[Records from a data source]
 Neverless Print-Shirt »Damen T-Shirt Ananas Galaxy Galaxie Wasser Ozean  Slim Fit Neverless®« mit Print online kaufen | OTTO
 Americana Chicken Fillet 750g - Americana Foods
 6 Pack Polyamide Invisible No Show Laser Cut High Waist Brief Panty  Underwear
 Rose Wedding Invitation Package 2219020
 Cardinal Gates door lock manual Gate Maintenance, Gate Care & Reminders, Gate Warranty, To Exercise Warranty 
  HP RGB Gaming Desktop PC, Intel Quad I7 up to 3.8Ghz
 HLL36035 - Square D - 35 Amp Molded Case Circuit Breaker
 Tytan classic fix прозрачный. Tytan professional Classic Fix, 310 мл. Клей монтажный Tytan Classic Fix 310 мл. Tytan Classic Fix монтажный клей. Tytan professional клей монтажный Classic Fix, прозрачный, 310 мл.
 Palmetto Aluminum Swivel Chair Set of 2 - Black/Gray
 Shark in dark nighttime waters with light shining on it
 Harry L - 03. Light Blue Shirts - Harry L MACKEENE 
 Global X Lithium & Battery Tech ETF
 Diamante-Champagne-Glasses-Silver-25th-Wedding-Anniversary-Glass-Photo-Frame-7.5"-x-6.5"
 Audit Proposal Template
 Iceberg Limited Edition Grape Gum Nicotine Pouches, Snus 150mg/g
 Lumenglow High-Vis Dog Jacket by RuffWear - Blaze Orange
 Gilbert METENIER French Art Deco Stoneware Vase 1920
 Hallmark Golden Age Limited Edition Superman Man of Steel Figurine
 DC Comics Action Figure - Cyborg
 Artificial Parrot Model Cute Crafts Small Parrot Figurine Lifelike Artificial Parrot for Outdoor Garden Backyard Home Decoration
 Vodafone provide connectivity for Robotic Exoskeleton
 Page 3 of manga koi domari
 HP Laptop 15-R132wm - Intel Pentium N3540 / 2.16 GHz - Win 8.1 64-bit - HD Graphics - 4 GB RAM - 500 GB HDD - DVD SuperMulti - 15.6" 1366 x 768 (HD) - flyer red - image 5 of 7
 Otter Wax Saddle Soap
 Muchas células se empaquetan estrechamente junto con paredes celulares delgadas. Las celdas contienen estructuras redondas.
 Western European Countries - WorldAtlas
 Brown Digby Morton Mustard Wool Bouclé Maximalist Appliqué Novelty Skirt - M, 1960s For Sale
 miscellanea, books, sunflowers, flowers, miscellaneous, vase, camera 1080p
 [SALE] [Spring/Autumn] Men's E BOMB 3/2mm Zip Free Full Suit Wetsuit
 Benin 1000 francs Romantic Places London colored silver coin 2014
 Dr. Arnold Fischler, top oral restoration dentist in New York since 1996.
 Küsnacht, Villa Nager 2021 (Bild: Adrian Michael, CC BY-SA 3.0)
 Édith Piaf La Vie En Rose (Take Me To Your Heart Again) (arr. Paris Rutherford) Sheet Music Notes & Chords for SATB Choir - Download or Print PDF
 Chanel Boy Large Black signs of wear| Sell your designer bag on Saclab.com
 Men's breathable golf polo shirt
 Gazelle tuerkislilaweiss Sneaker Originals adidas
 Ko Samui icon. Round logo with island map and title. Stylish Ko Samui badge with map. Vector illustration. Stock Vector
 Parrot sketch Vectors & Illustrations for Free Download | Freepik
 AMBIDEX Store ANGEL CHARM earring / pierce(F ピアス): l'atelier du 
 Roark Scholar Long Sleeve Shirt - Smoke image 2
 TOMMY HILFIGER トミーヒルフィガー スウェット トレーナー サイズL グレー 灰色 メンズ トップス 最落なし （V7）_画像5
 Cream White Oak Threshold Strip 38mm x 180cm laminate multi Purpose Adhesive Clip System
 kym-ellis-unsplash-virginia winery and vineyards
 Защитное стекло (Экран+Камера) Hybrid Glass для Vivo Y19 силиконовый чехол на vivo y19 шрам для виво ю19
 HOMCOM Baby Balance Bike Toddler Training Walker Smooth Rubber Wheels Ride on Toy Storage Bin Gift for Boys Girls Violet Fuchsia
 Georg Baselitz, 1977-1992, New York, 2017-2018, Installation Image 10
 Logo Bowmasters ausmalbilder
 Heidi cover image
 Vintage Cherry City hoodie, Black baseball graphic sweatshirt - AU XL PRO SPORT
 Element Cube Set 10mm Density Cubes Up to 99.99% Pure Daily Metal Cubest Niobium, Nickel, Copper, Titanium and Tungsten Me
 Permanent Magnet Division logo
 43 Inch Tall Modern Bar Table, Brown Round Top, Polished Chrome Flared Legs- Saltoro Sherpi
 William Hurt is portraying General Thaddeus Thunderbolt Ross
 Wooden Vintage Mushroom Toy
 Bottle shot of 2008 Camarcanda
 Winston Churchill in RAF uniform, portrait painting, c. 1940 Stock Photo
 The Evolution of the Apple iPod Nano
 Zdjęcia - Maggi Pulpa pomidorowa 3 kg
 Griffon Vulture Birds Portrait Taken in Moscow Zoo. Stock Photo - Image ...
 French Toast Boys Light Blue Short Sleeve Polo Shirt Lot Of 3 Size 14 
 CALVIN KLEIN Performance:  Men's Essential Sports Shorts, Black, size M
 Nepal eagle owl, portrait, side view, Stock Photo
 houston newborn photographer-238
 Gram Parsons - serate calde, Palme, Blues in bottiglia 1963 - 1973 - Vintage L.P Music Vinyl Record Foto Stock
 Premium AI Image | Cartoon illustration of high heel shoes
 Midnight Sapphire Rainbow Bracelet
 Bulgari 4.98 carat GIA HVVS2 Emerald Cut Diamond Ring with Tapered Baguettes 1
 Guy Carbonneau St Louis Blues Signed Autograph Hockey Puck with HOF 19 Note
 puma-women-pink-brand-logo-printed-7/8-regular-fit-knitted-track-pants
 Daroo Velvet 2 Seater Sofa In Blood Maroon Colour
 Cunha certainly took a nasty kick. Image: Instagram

### Exercise goal
Copy out each line of the data above, exactly, if it lies between the line holding "Vodafone provide connectivity" and the line holding "Gazelle tuerkislilaweiss Sneaker", inclusive; copy no other line.

### Solution
 Vodafone provide connectivity for Robotic Exoskeleton
 Page 3 of manga koi domari
 HP Laptop 15-R132wm - Intel Pentium N3540 / 2.16 GHz - Win 8.1 64-bit - HD Graphics - 4 GB RAM - 500 GB HDD - DVD SuperMulti - 15.6" 1366 x 768 (HD) - flyer red - image 5 of 7
 Otter Wax Saddle Soap
 Muchas células se empaquetan estrechamente junto con paredes celulares delgadas. Las celdas contienen estructuras redondas.
 Western European Countries - WorldAtlas
 Brown Digby Morton Mustard Wool Bouclé Maximalist Appliqué Novelty Skirt - M, 1960s For Sale
 miscellanea, books, sunflowers, flowers, miscellaneous, vase, camera 1080p
 [SALE] [Spring/Autumn] Men's E BOMB 3/2mm Zip Free Full Suit Wetsuit
 Benin 1000 francs Romantic Places London colored silver coin 2014
 Dr. Arnold Fischler, top oral restoration dentist in New York since 1996.
 Küsnacht, Villa Nager 2021 (Bild: Adrian Michael, CC BY-SA 3.0)
 Édith Piaf La Vie En Rose (Take Me To Your Heart Again) (arr. Paris Rutherford) Sheet Music Notes & Chords for SATB Choir - Download or Print PDF
 Chanel Boy Large Black signs of wear| Sell your designer bag on Saclab.com
 Men's breathable golf polo shirt
 Gazelle tuerkislilaweiss Sneaker Originals adidas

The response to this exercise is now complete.